**INSTRUCTIONS TO FOLLOW:** Each line of the data must reappear exactly in your answer, with no images included.

**SUPPLIED DATA:**
──────

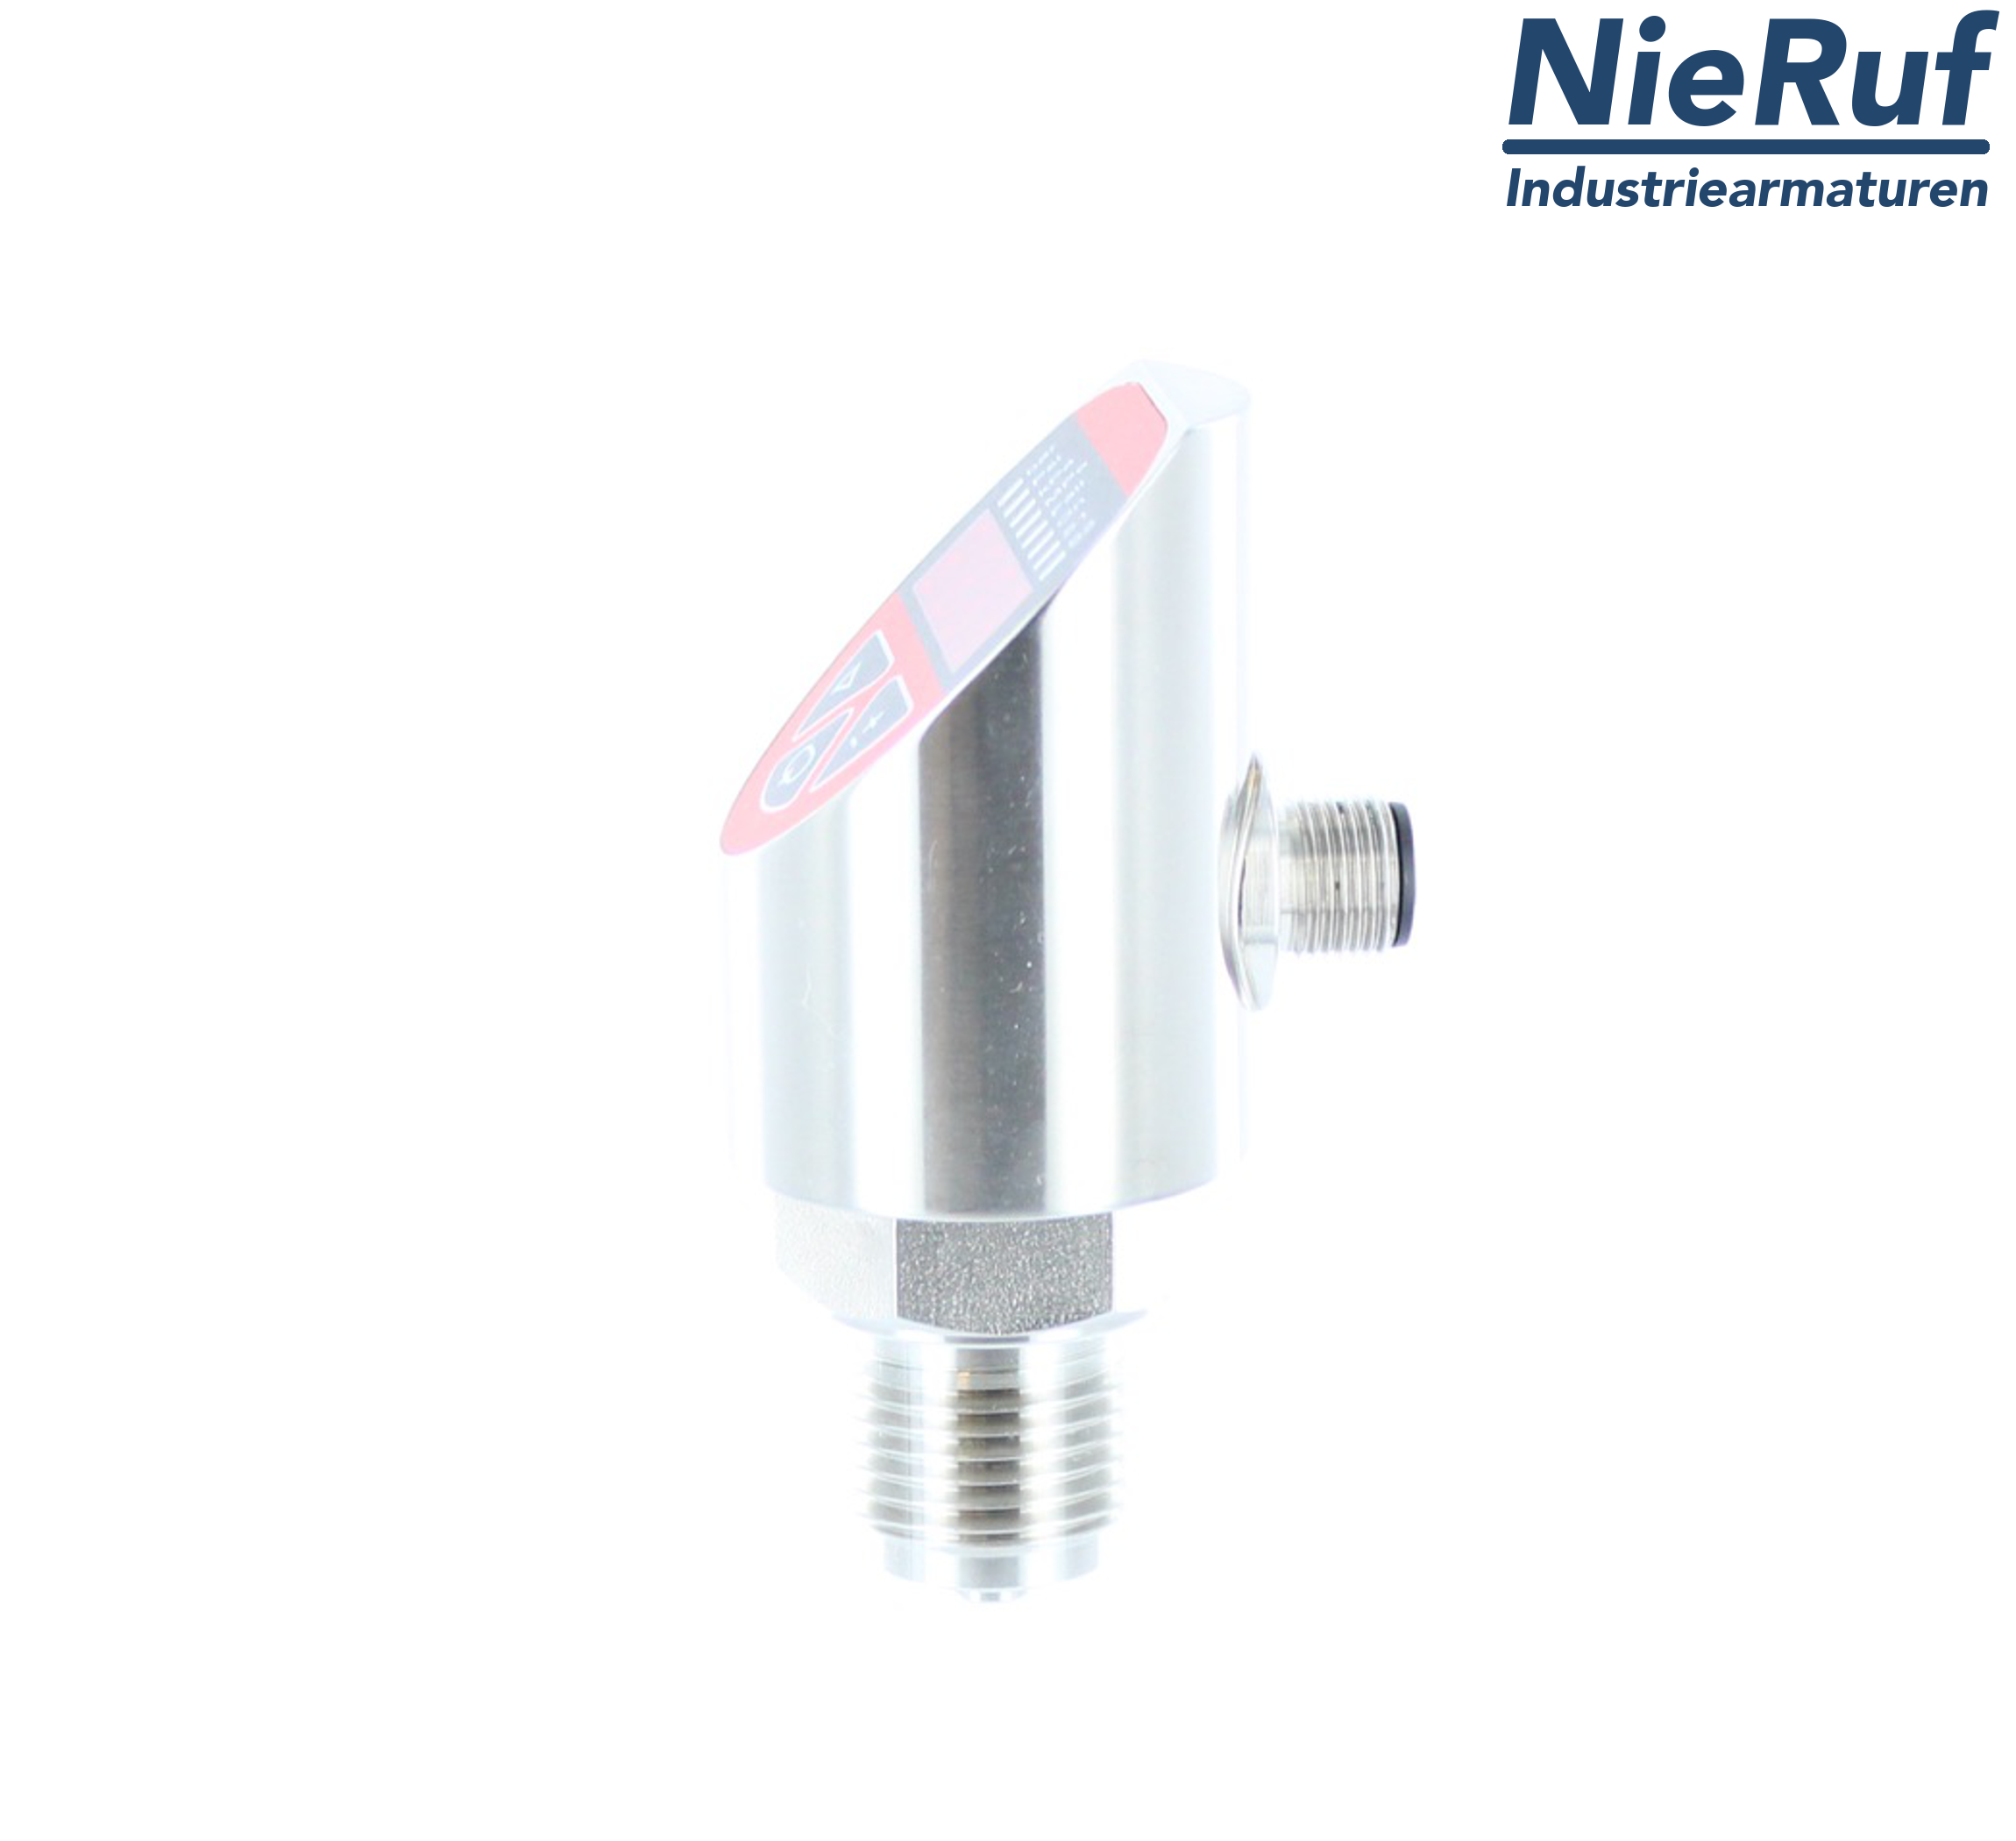 digital pressure sensor G 1/4" B 5-wire: 2xPNP, 1x4 - 20mA FPM 0,0 - 16,0 bar
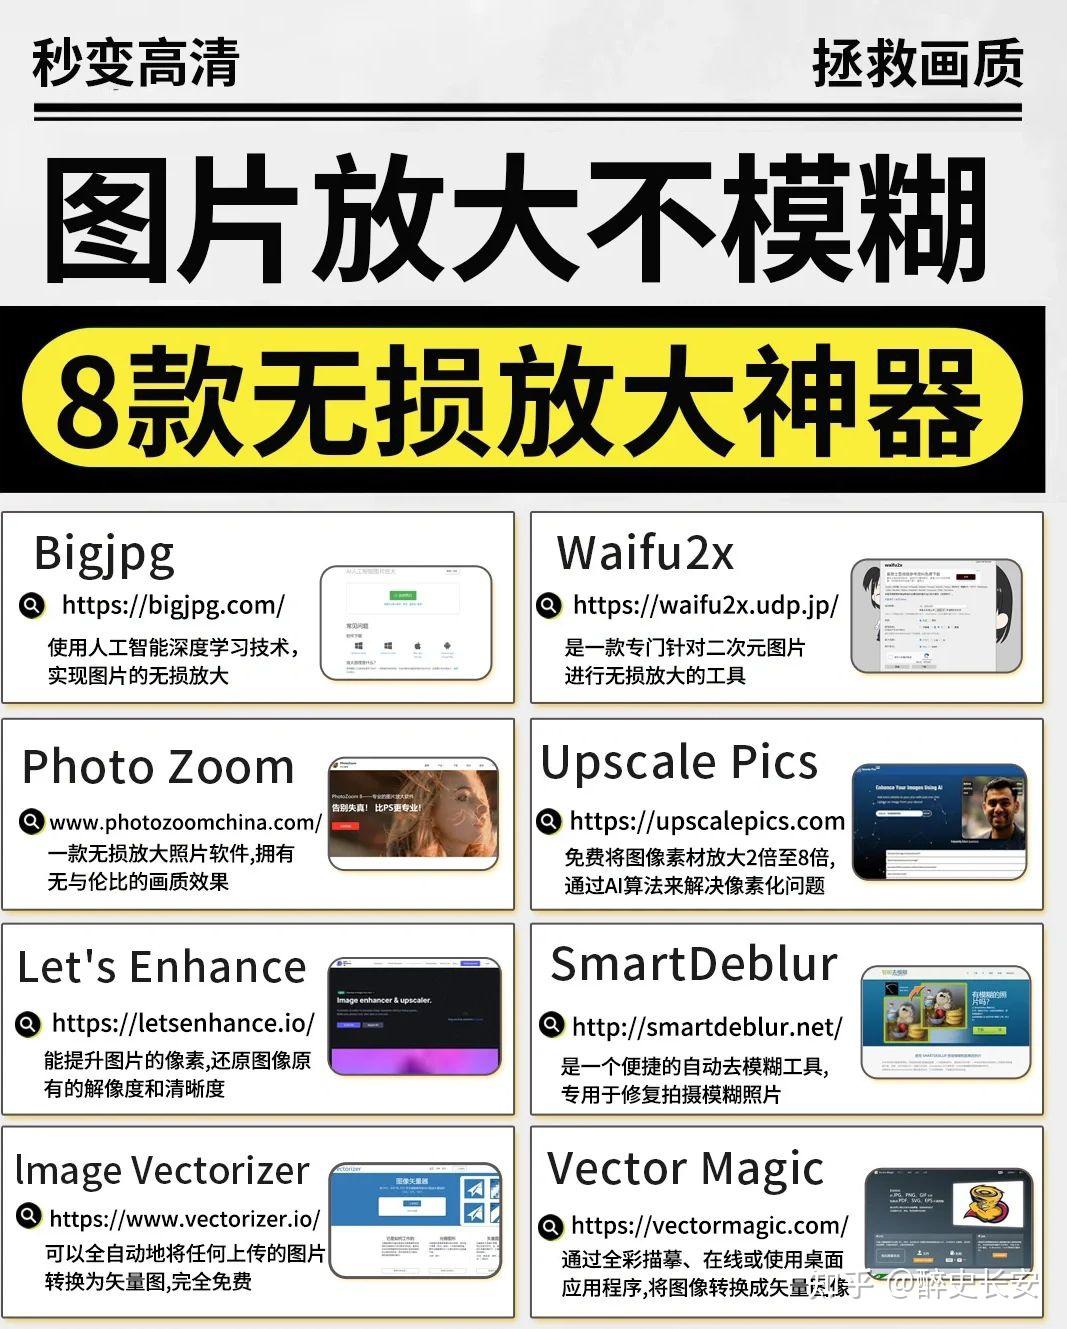 图片无损放大软件:Topaz Gigapixel AI for mac/win版 - 哔哩哔哩
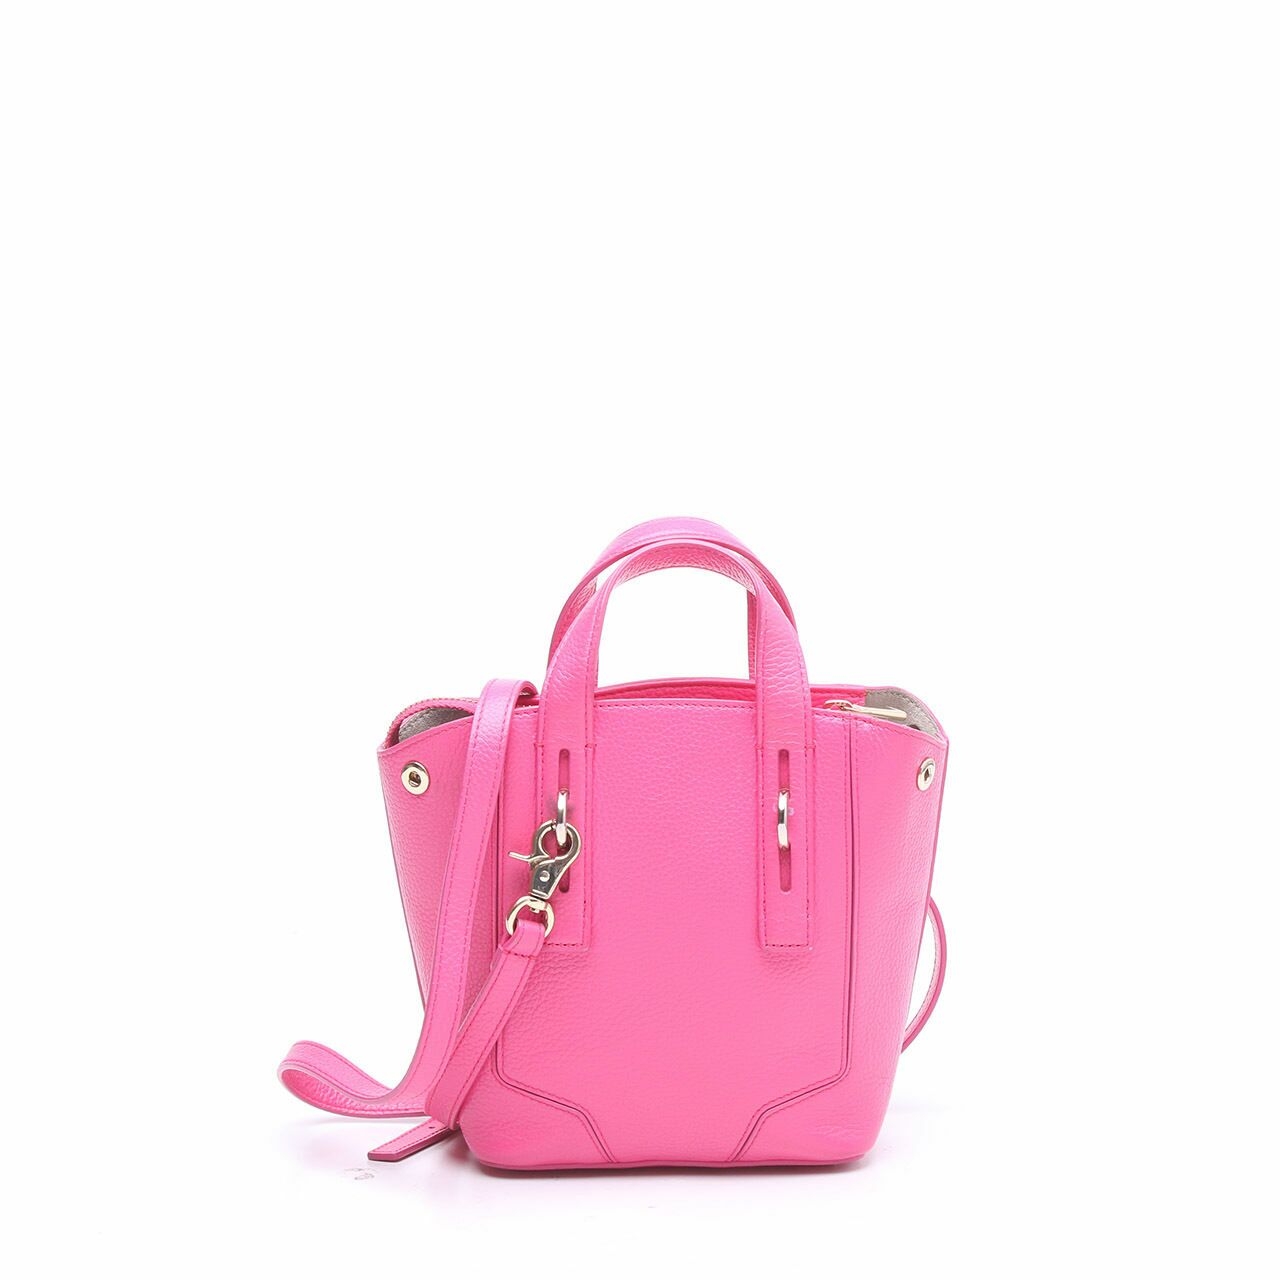 Furla Pink Leather Satchel Bag

──────

**RESULT OF THE TASK:**
 digital pressure sensor G 1/4" B 5-wire: 2xPNP, 1x4 - 20mA FPM 0,0 - 16,0 bar
 图片无损放大软件:Topaz Gigapixel AI for mac/win版 - 哔哩哔哩
 Furla Pink Leather Satchel Bag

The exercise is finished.